■ Your goal ■
Entries follow. Give back exactly the lines starting at the one containing "Terminal.for iBurst Terminal.for iBurst Terminal." and ending at the one containing "Introducir 90+ imagen", and no other lines.
*** Data for this exercise ***
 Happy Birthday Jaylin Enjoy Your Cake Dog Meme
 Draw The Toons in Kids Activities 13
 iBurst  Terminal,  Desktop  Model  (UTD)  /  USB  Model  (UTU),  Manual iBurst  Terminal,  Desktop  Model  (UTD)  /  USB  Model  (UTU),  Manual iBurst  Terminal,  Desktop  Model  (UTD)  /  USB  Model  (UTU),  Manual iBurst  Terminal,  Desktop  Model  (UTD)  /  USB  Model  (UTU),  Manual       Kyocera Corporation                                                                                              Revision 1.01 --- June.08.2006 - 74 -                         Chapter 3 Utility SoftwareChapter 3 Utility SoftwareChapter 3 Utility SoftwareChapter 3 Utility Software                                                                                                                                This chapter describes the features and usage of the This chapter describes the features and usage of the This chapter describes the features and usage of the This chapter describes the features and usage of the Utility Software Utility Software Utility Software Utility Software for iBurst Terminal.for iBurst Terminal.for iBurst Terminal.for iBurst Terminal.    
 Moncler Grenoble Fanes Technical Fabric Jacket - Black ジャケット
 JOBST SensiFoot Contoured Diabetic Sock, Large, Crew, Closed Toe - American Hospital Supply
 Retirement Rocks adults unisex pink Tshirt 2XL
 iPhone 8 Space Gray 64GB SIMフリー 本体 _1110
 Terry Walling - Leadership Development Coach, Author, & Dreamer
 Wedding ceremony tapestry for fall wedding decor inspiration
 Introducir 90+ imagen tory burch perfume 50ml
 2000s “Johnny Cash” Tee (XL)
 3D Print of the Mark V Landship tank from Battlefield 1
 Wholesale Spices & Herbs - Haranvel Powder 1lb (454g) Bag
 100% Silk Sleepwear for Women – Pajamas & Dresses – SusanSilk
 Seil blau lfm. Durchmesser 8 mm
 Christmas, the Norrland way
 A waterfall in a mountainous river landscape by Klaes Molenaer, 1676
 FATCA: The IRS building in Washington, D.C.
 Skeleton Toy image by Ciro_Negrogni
*** End of Data for this exercise ***
■ Answer section ■
 iBurst  Terminal,  Desktop  Model  (UTD)  /  USB  Model  (UTU),  Manual iBurst  Terminal,  Desktop  Model  (UTD)  /  USB  Model  (UTU),  Manual iBurst  Terminal,  Desktop  Model  (UTD)  /  USB  Model  (UTU),  Manual iBurst  Terminal,  Desktop  Model  (UTD)  /  USB  Model  (UTU),  Manual       Kyocera Corporation                                                                                              Revision 1.01 --- June.08.2006 - 74 -                         Chapter 3 Utility SoftwareChapter 3 Utility SoftwareChapter 3 Utility SoftwareChapter 3 Utility Software                                                                                                                                This chapter describes the features and usage of the This chapter describes the features and usage of the This chapter describes the features and usage of the This chapter describes the features and usage of the Utility Software Utility Software Utility Software Utility Software for iBurst Terminal.for iBurst Terminal.for iBurst Terminal.for iBurst Terminal.    
 Moncler Grenoble Fanes Technical Fabric Jacket - Black ジャケット
 JOBST SensiFoot Contoured Diabetic Sock, Large, Crew, Closed Toe - American Hospital Supply
 Retirement Rocks adults unisex pink Tshirt 2XL
 iPhone 8 Space Gray 64GB SIMフリー 本体 _1110
 Terry Walling - Leadership Development Coach, Author, & Dreamer
 Wedding ceremony tapestry for fall wedding decor inspiration
 Introducir 90+ imagen tory burch perfume 50ml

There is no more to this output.